The TMO is committed to the long term improvement and development of the environment on our estate.

We are looking to do this via several strategies:

1. Maintenance of the pavements and brick work
2. Change the way we did our gardening to create a more nature friendly estate
3. Careful development of the open spaces
4. Development of a tree strategy plan

1. Maintenance of the pavements and brick work

This is becoming a huge task on the estate for a number of reasons:

- The estate is built on London clay and after a number of dry years we are experiencing problems with subsidence (not our homes)
- The high number of trees on the estate. When the estate was first built we had more trees than homes, in 2005 we had the same number of trees as homes, recent developments have lowered this a little further. Most of these are inappropriate in an estate setting like ours, so roots are now starting to cause problems.
- Where we know external work is being done we will work with developers and the council to try and get improvements done.

2. Change in gardening practices

- Last year we decided to revitalise our raised beds by removing most of the plants, top up the soil levels while adding more nutrients to the soil and put in new plants.
- The new plantings had to achieve two key criteria, be aesthetically pleasing and be wild life friendly.
- New grass cutting regime, allowing grass to grow a little taller allowing some of the plants to come through. As a result the grassed areas do not look so sterile and encourage a greater diversity in wild life. There were also practical reasons for this as it allows the gardener to work on the raised beds and deal with other issues.
- We have already seen a greater diversity in the number of birds we are seeing on the estate.

One of our more exotic visitors.

3. Careful development of open areas

This has been one of the more controversial areas of our work. Overall it has been successful to date, and has attracted a lot of good comments from off the estate. Including neighbouring estates, we have had visitors from other boroughs and the last two years have played host to housing students from Lewisham College. Over all it gives a strong positive message on what TMOs can achieve.

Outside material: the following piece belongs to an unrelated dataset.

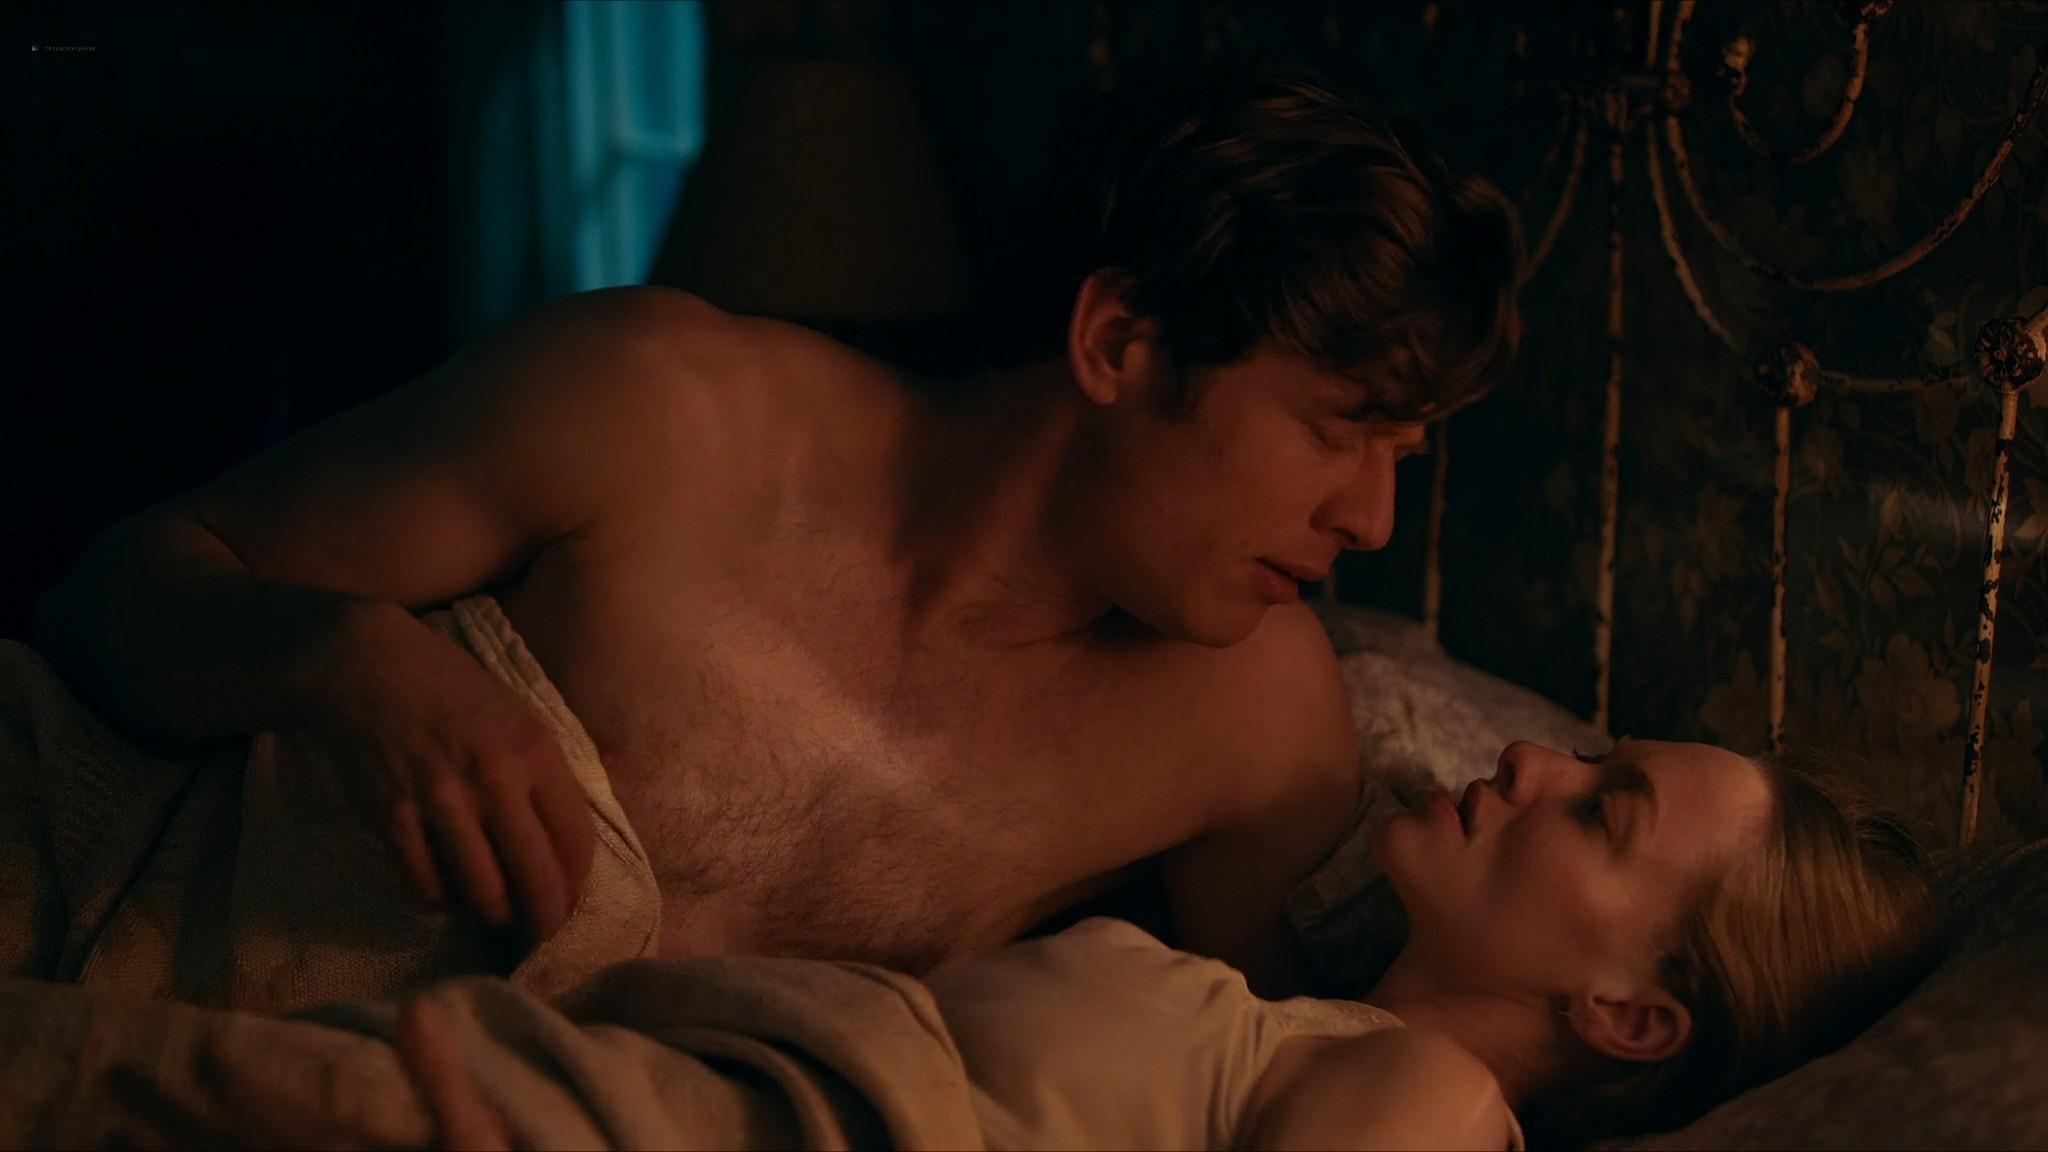 Amanda Seyfried hot Natalia Dyer sexy Things Heard Seen 2021 1080p Web 2
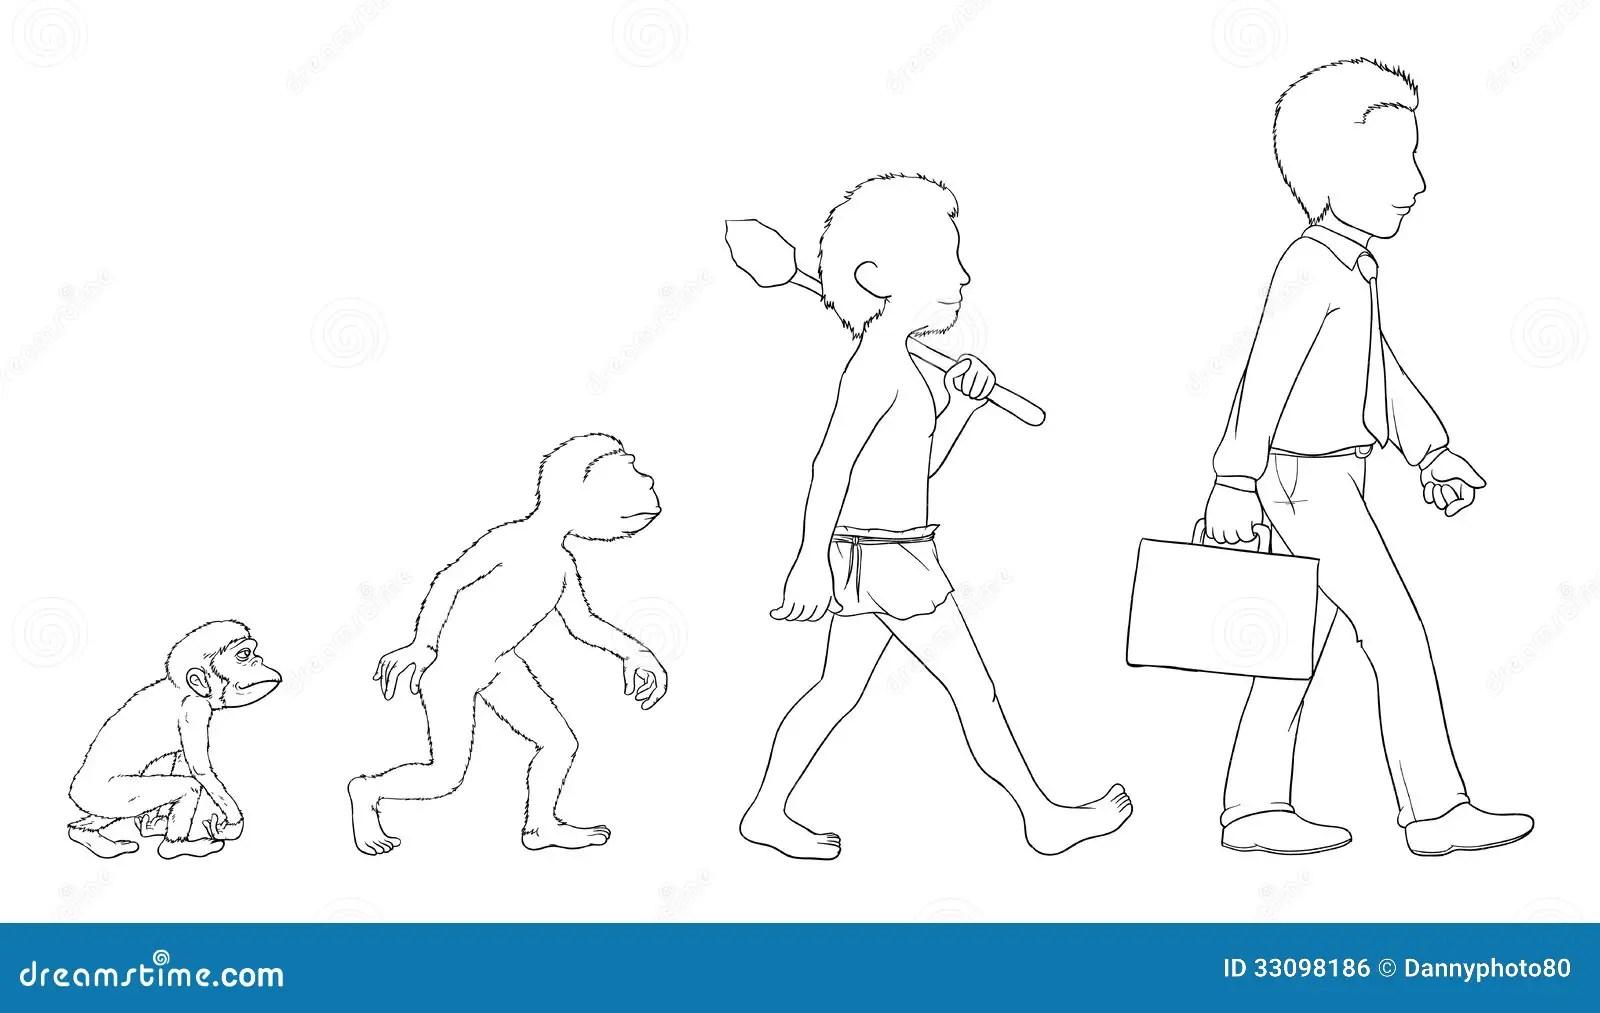 Evolution outline stock vector. Illustration of growth

It has not been so popular with some of our residents. One tenant commented that the community garden ‘would fit in well if it was in Kensington, but not on a council estate off the Old Kent Road.’
Some would rather the old play areas were left in place.

However, beside being more aesthetically pleasing and trying to bring our open spaces into better use, these developments also help us to protect the open spaces we have. For a number of years there has been increasing pressure on the local council to find space for new builds, and with the current government (2011) pushing for councils to identify land for the development of homes it becomes more important that we make positive use of the open spaces we have before we lose them.

Councillor Poddy Clark and Chair, George Arkless by the community garden

4. Development of a tree strategy plan

As mentioned earlier trees are a major problem on the estate. This said the intention is not to just rip up all the trees on the estate.

A number of the trees need to be removed for safety reasons. Most of our grass areas are covering building rubble from when the estate was built. As a result some now have their roots exposed and are becoming unstable. Where many trees have been built close together there is evidence that the trees are competing with each other for water and have not been allowed to grow naturally.

So the first part of the plan would be to reduce the number of trees based on safety issues, and to identify which trees could be saved and allowed to grow more naturally with a better maintenance schedule.
While some trees will be replaced with more appropriate choices there is no intention to replace them all. We are also considering more hedging and bushes to encourage the diversity in wild life.

Just a few of our many trees

Other Issues

While the estate has no through roads, we do see a lot of foot traffic, and sadly some people do not see a problem with dropping a large amount of litter as they pass through our estate.

This is made worse by residents who refuse to put their rubbish out on the correct day, in the correct manner or use their rubbish keeps. While we continue to work on these issues it does mean that two particular species of wild life see our estate as 24/7 eatery, namely rats and mice.

Another problem is the number of dog owners who do not see a problem with letting their dogs poop on our land without picking up after them. In this case it seems to be from visitors from surrounding estates, including the private estates.